While Mini-Cores don’t necessarily revisit the undergraduate syllabi, many of the same thinkers and writers recur. “You read Hobbes in college and he’s sort of the stodgy monarchist and everybody pooh-poohs him,” says Vincenti, who was a political science major. “I read Hobbes and his insights into human nature now and I say, ‘Well, this guy had a point!’
“One of the joys is comparing what you think now to the ideas you had when you were 18,” he adds. “I was so certain back then that what I was thinking had to be right. And when you put 30 or however many years on top of it, you really do read these works and get different views. It’s always evolving. Which is what makes these works worthwhile reading in the first place.”
The opportunity to reflect on his own perspective is only one reason Vincenti keeps taking classes. He also thrives on the discussion. “There’s a lot of talking past each other right now, politically — this is how it applies to real life,” he says. “These courses encourage me to get down off my pedestal or soapbox and listen to what the other person is saying. And everybody else does the same.” He smiles. “This is one of the things John Stuart Mill said: You allow everything in, because it’s not always about which one is right and which one is wrong. Sometimes it’s about, well, you might be right but maybe there’s some facet of it that alters because you’ve listened to the other person.”
Vincenti notes that the classes include alumni spanning decades of graduating classes, which makes for an eye-opening diversity of experiences and views, even as they share the foundation of the College experience. The Core is a “greenhouse effect kind of learning,” he says. “The learning takes place not just in the classroom, but also everywhere else the students are talking about it. They go back to their dorm and in the middle of the night they’re having a discussion about Plato’s allegory of the cave. They might be joking about it, they might be in a panic cramming for an exam — but they’re talking about it, which means they’re learning.
Jill Shomer
“And then you get out of college, and not only can you talk to other people from your class, you but you can also talk to somebody who graduated 20 years earlier than you, and 80 percent of what comes up you’ve both read and can discuss. That’s a huge advantage, because the learning just continues.

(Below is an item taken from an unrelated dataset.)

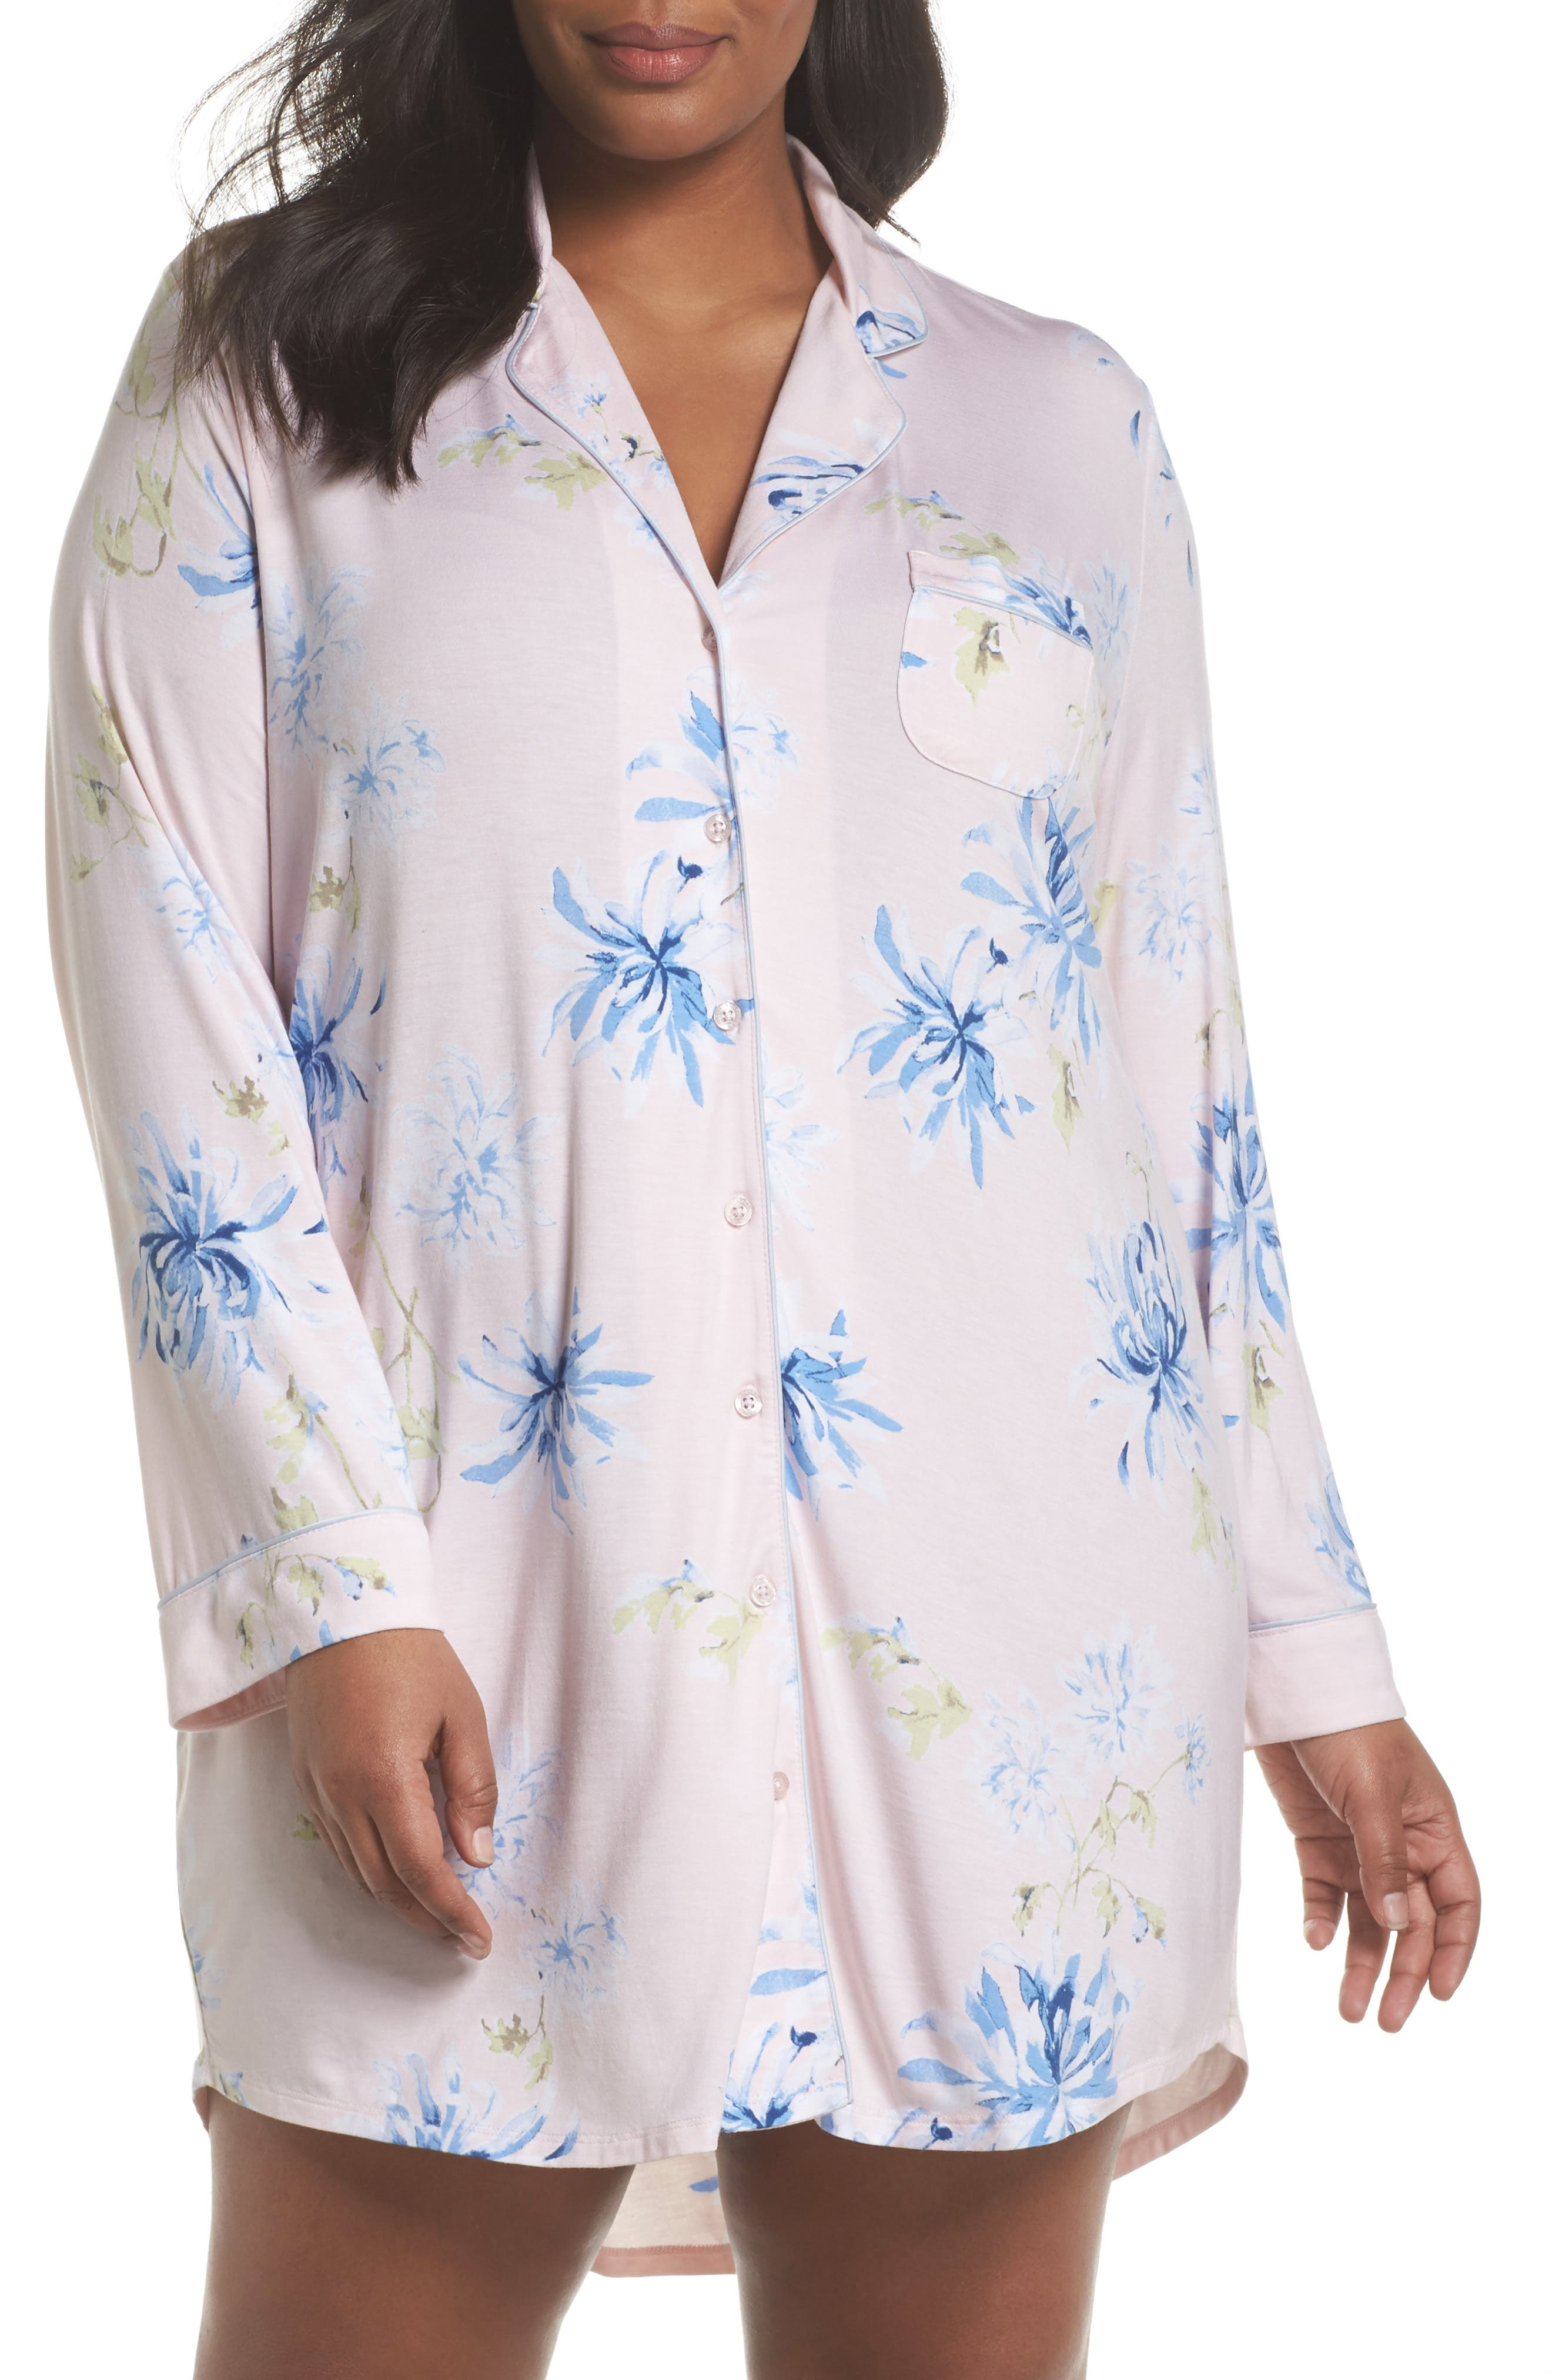 Nordstrom Lingerie 'Moonlight' Nightshirt (Plus Size)

The way the Core was taught — and maybe the ideas that are emphasized might change — but everybody is still familiar.” (“Everybody,” he says, includes his father, Vito Vincenti ’54, LAW’57 — “I have all his Contemporary Civilization books on my bookshelf; we talk at all hours!”)
Asked about what it means to have an ongoing learning opportunity, Vincenti quotes Galileo. “‘For who would set a limit to the mind of man, who would dare assert that we know all there is to be known?’
“I didn’t come prepared with that,” he quickly adds. “That was a quotation from my yearbook. And while I’ve changed a lot of opinions from the time I entered the College to now, one thing I’ve always felt is that you never stop learning. If you stop learning, you stop living, you stop enjoying things, you stop exploring. Your mind hardens. And, just like we exercise our bodies to keep in shape, we must keep thinking and pushing — we must exercise our minds.”